To address the small gap at the right hand corner, did you check the accuracy of the end cut with a square? I'd first trim dead square with a shooting board, as that is my most accurate option, before I'd cope the end.
Couple thoughts for the chipping in the left hand corner . . . Could you cope the end first, then stick the side? If you cope second, could you cope a separate backer piece so that it fits tightly to all surfaces of the stuck side? If the backer mates up tightly chipping should be hindered.
In the left hand picture it looks like you were routing with the grain along the length of the stile, and then routing across grain on the end. If so, that should be done in the opposite order so the tendancy to tear out on the end will be occurring only on portions that will subsequently routed away.
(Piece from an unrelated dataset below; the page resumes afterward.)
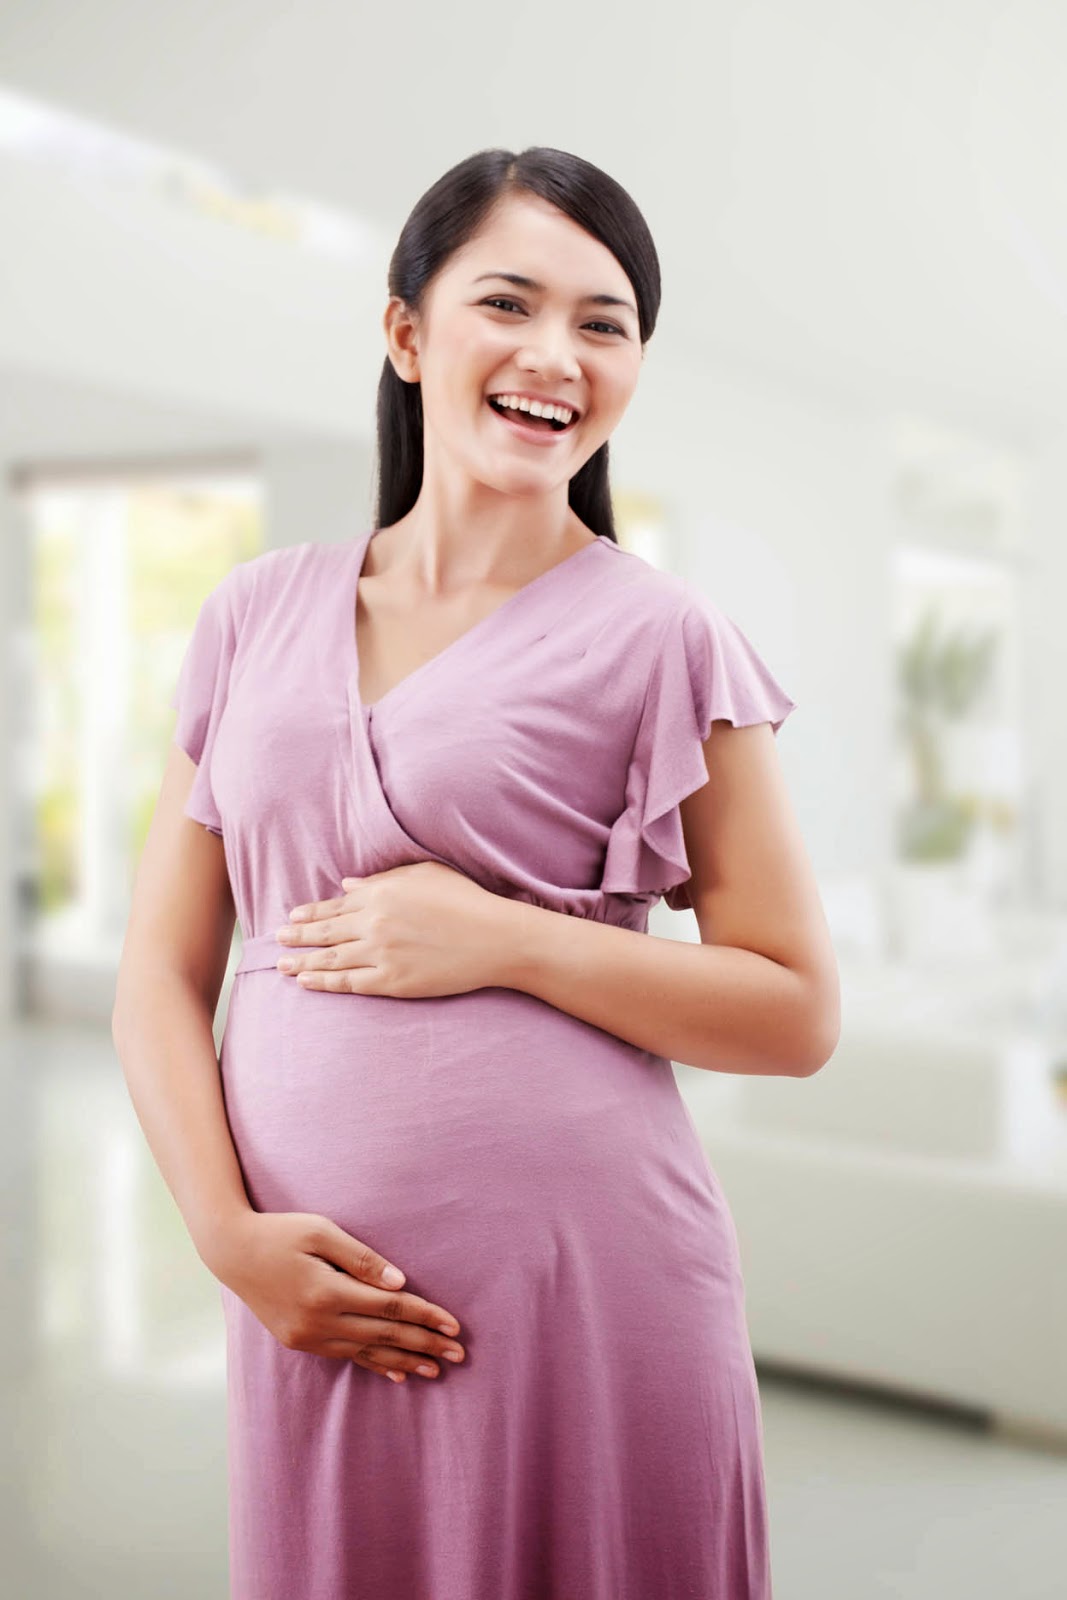 Pregnant Women Benefits 121

I'm not sure about the assorted misallignments elewhere.
Your sequence is wrong, do your copes first with a backer, then do the beads.
As a cabinetmaker who makes my own doors I can say that there are two ways to fix the tearout. 1) machine the rail ends BEFORE maching with grain - still use a solid backer for supporing piece as it goes through router/shaper, or 2) and this is my preferred method - machine all rail & style stock in board length with stock feeder, cut into individual pieces (length wise), then mill rail ends. To get around tearout on back of rail cope cut I first run a good size piece of scrap through with grain on cope cutting seting to be used as a backer that mates exactly into the groove of rail to support grain as you machine rail ends.